Après le cycle de séances d’acupuncture, Sara est “forcée” par le médecin de consulter un psychologue. Nous nous rencontrons une première fois, puis une deuxième et ainsi de suite. Le fait de parler en italien nous sauve, jamais elle ne serait allée voir un psychologue français. Je dois dire que petit à petit, une sympathie réciproque s’est créée, elle m’a fait mourir de rire en me racontant la préparation détaillée du “porceddu”, plat traditionnel sarde accompagné (évidemment) de vin Cannonau, qu’elle prépare divinement ! Le récit des fortes traditions alimentaires sardes m’a convaincu que le profond malaise de Sara était lié à la nostalgie de sa terre. Une nostalgie pour elle jamais apaisée et maintenant devenue déchirante.

Sara “fonctionne” psychologiquement sur le sens du devoir, de la responsabilité et du sacrifice. C’est une belle fille mais elle n’achète rien pour elle, ne se maquille pas, n’a ni loisirs ni passions. Elle est consciente que maintenant la nourriture, ou plutôt la privation de nourriture, est la seule chose qui l’intéresse vraiment mais c’est aussi son tourment et sa dépendance.

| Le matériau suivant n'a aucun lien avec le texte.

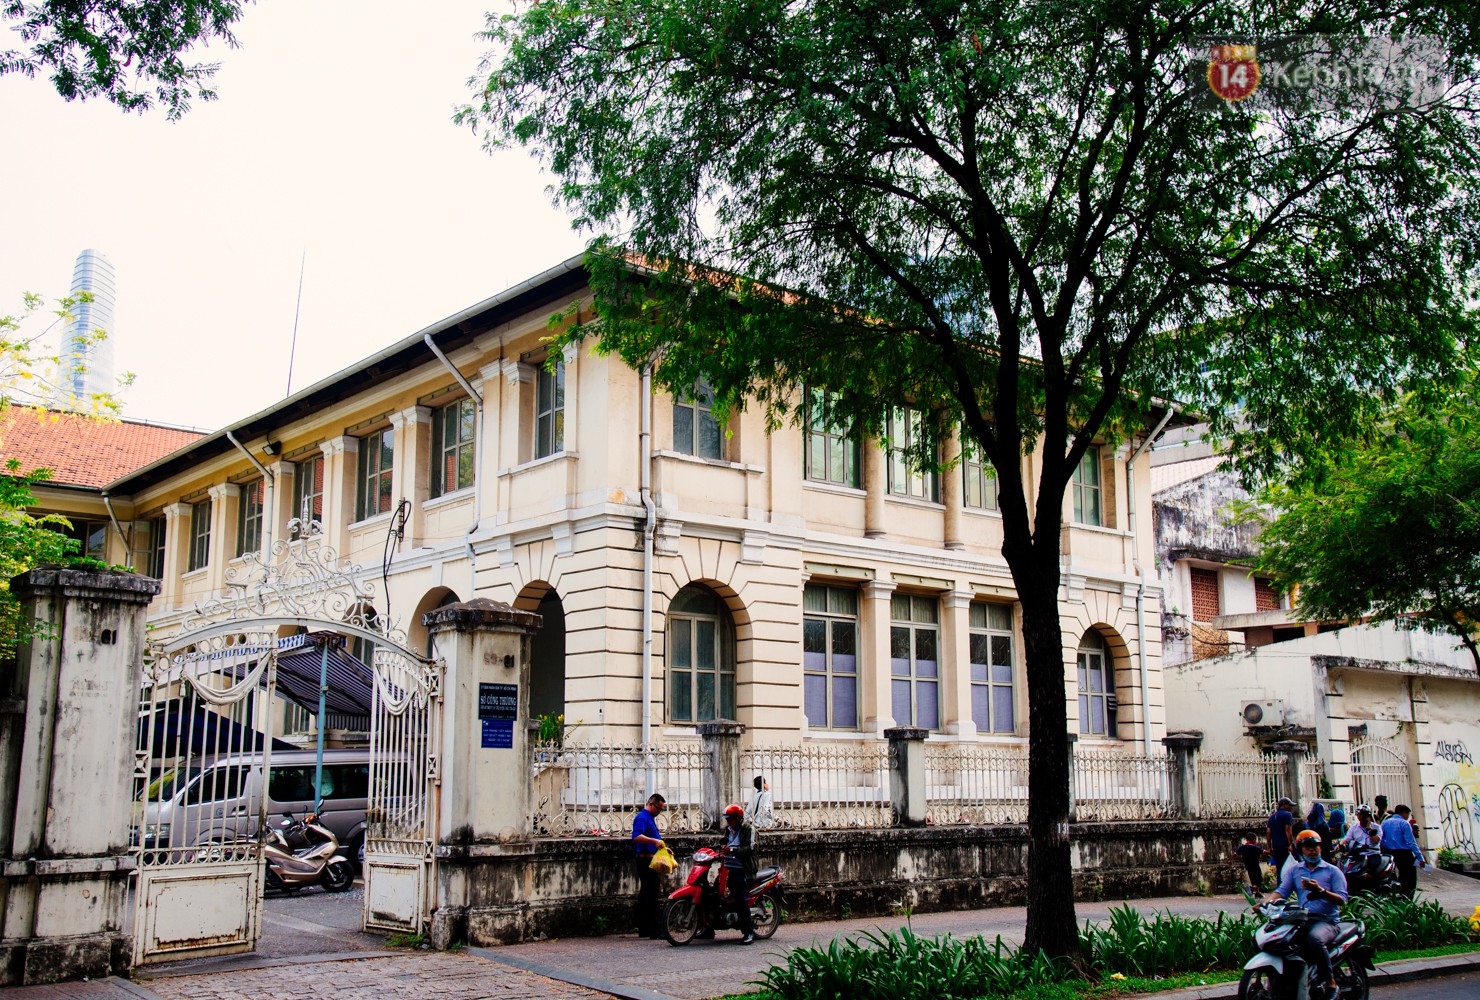 Người Sài Gòn bày tỏ tiếc nuối trước đề án tháo dỡ Dinh Thượng Thơ 130 năm tuổi để nâng cấp trụ sở UBND và HĐND TP.HCM - Ảnh 6.

Sara vient toujours en séance ponctuelle et collaborative mais j’ai l’impression que très peu de choses bougent psychologiquement en elle. Elle est de plus en plus maigre et fatiguée, et moi aussi j’ai peur qu’elle ne s’effondre sans force d’un moment à l’autre. Je décide de la prendre à contre-pied avec le thème de la nostalgie de sa terre. Il ne lui est tout simplement pas possible de vivre loin de la Sardaigne, pour elle c’est insoutenable et cela pourrait même la mener à la mort !

J’admets avoir été directif et je lui ai “imposé” de demander un arrêt maladie et de retourner chez elle en Sardaigne pour un moment. De plus, elle a la “mission” de chercher du travail sur son île, puis éventuellement de réaliser son désir d’avoir une petite entreprise à elle. Ce désir est toujours resté caché en elle, convaincue de ne pas être capable de faire quelque chose de bon toute seule.

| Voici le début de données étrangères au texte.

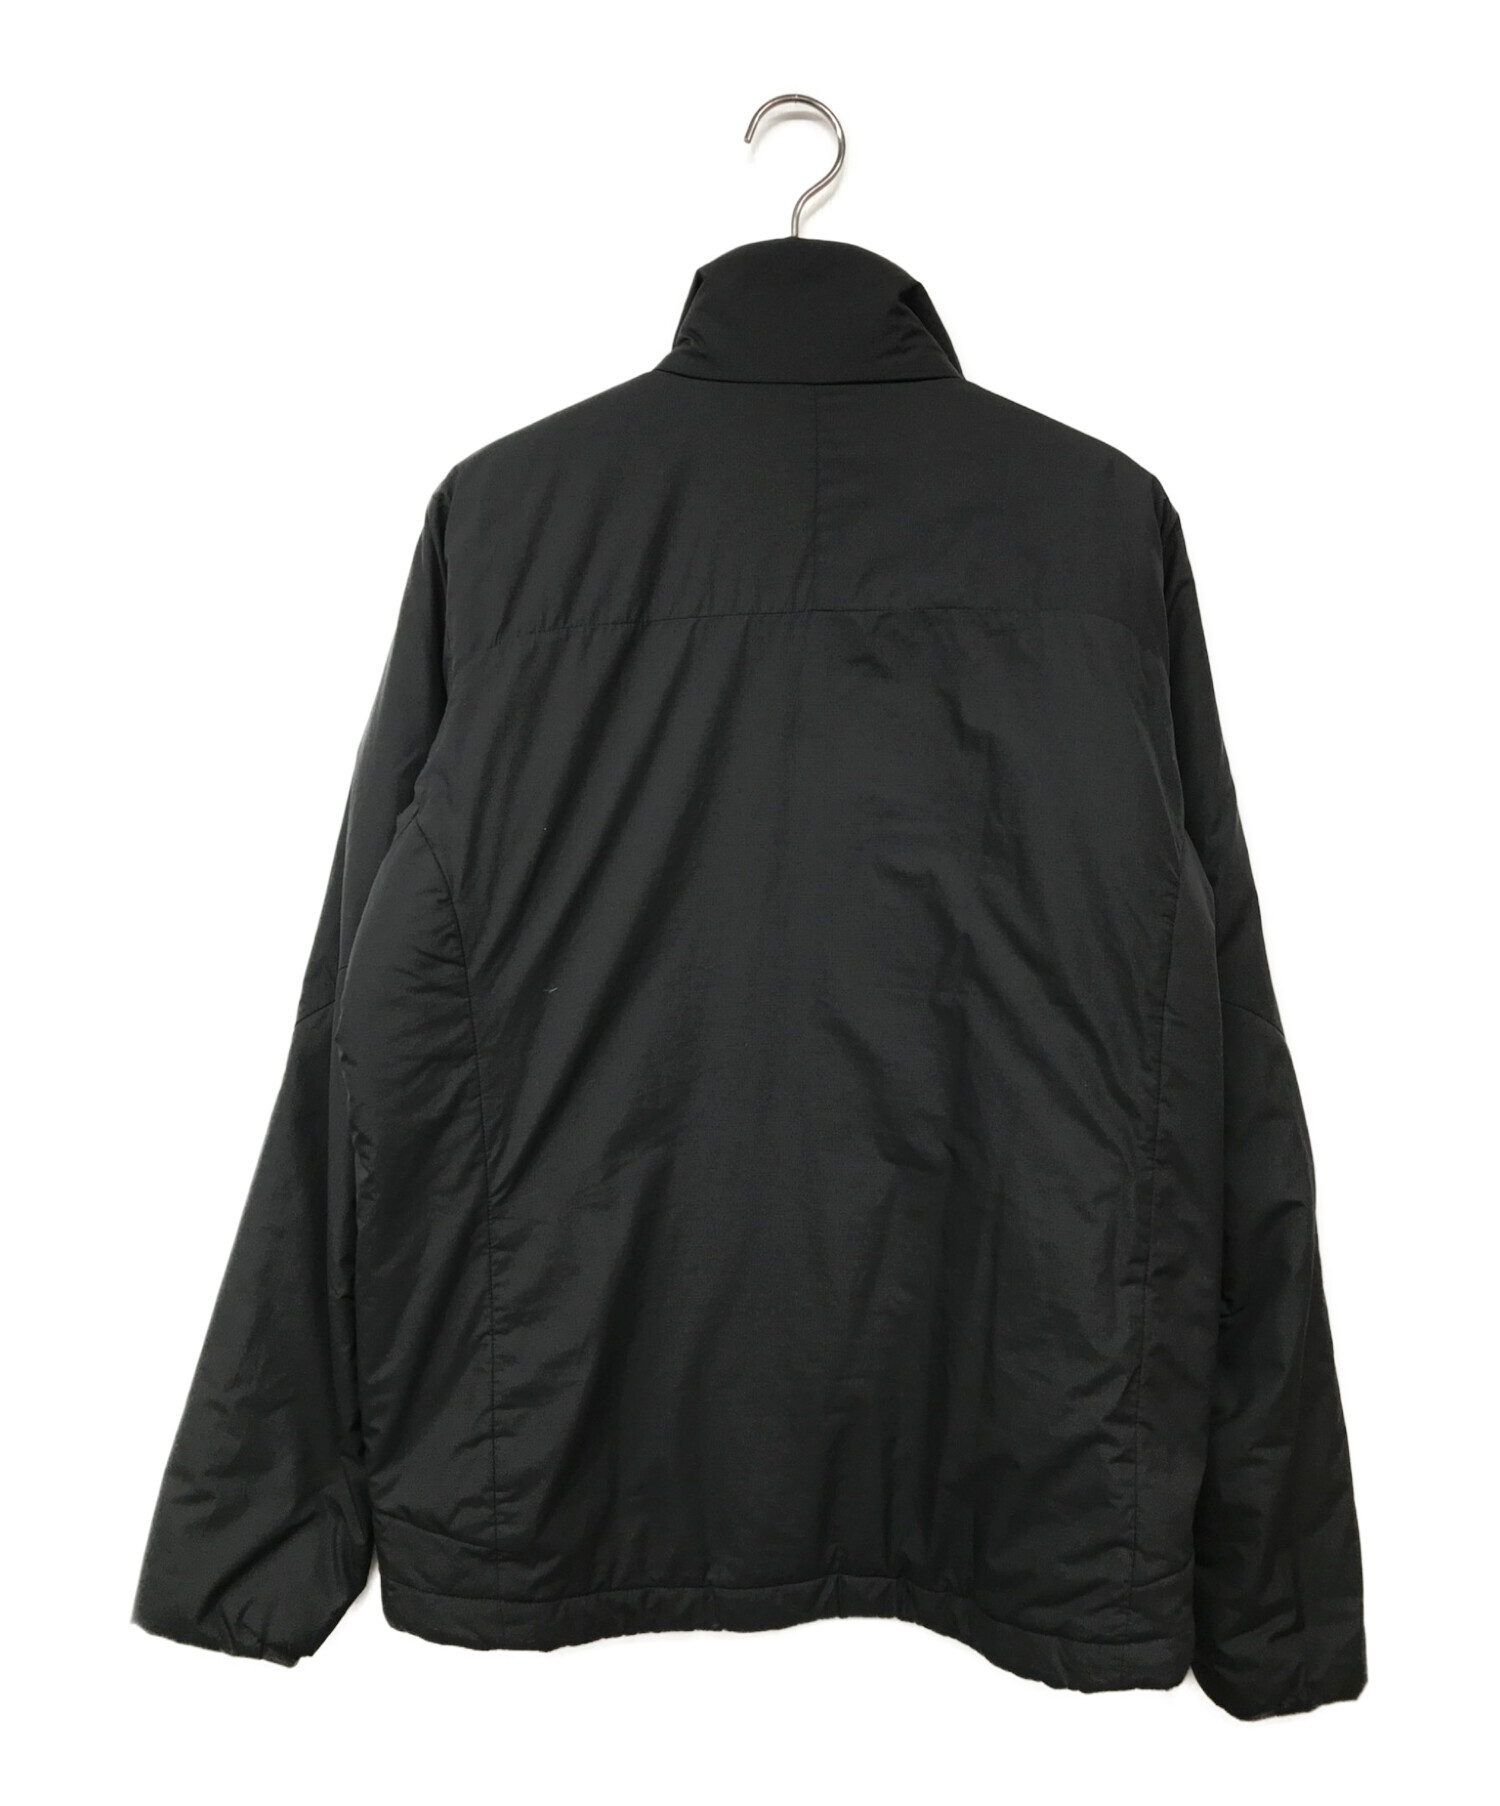 Patagonia (パタゴニア) Micro Puff Jacket/マイクロパフジャケット ブラック サイズ:XS

Sara, revenue sur sa terre, reprend lentement à manger (miraculeusement, comme elle dit…) et décide de quitter son travail à Cannes. Elle reprend un peu de force et prend contact pour trouver du travail toujours comme serveuse. Son cousin Lino lui donne une idée, pourquoi ne pas louer un petit espace dans son village au bord de la mer et proposer de la “street food”. Sara est effrayée et nous en parlons longuement via Skype, mais comme elle dit “…On ne revient pas en arrière…”. En peu de temps, Sara ouvre un petit local où elle prépare et frit des seadas, un dessert typique de la tradition sarde, parfait comme “street food” pour les touristes et les vacanciers du village.

Sara prend du poids, elle fait toujours attention à ce qu’elle mange mais elle est épanouie et est forcée par son travail de se lier avec beaucoup de gens, en forçant sa réticence naturelle.

En résumé : Sara est maintenant contente de son choix, elle travaille intensément et a repris à s’occuper d’elle-même et se permet de petites gratifications. Avoir repris du poids signifie qu’elle doit de nouveau faire face à sa féminité. Elle est attirèe par un garçon mais ne se sent pas encore prête pour une relation, elle me dit : “…Laissons le temps au temps, je ne veux pas me précipiter mais me sentir bien avec moi-même, on verra après…”.